Pool Jewelry: You can take the girl out of Jersey…

When I was a teenager, it never occurred to me to take my jewelry off before going to the beach or pool. You weren’t dressed without plenty of jewelry and dark black waterproof mascara. Jersey. What can I say?

I carried that tradition well into adulthood. I wore irreplaceable jewelry to beaches and pools everywhere I went. I just got lucky that I left with what I’d come with, and that the pieces weren’t worse for wear. In recent years, though, I’ve been buying inexpensive pieces I consider “pool jewelry” every once in a while. They sparkle and offer the bling factor without damaging the good stuff. They make me so happy!

Why don’t I leave jewelry home altogether? It’s not that I want to look a certain way, or that anyone else cares. I just really enjoy seeing anything sparkling in the sun with the water’s reflection. Nothing looks as good as fingers gliding through the water in front of you with freshly painted nails and glistening rings. It’s a whole experience. The rest of my pool wear is usually pretty toned down. I’m sure no one even notices my pool jewelry, and I like it like that.

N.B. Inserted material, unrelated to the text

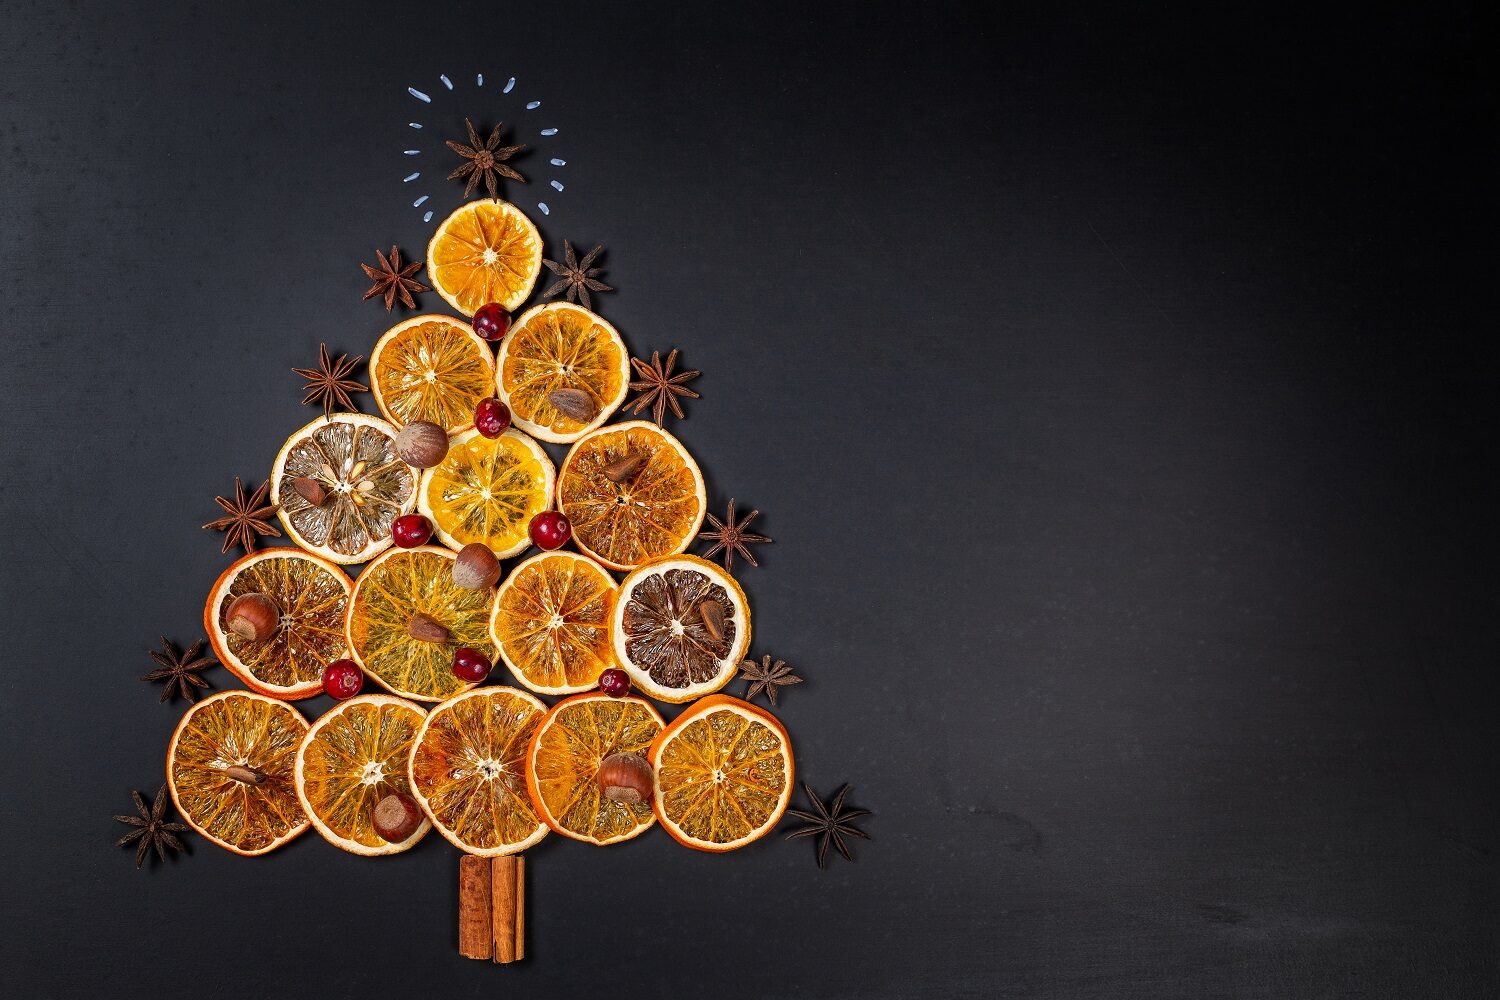 Pom de Crăciun realizat din felii de portocala uscate, betisoare de scortisoara si stea de anason in varf , fotografiat de fundal negru - imagine concept pentru condimente și mirodenii de Crăciun

My younger self would have been aghast at the thought of separate pool jewelry. That girl believed her life and future pool experiences would resemble the 1980’s Chanel No 5 commercial that bid her “share the fantasy”, a sleek gold-threaded coverup discarded here, a high heel sandal placed just there, a black bathing suit, and perfection all around. I had no idea that the commercial’s director – Ridley Scott – was offering me a fantasy as unlikely to come to fruition as any scene from his Alien films. It all seemed attainable.

One of the pleasures of growing up is that I’m not so wedded to a larger fantasy. It frees me to enjoy experiences for their own qualities instead of their congruency to an overall vision. Sure, I love diamonds, and they have their place. But I can also appreciate crystals that sparkle in the sun in a place that’s shared with others having their own good times. I still do like the idea of that Chanel pool. But I love watching families at Reston pools playing with their children, hearing them giggle and remembering those younger family days in my not-so-distant past. The girl I once was would have grabbed the solitary pool scene any day. The woman I’ve become thinks that might be fun for an afternoon, but it could never be as rich as my real life.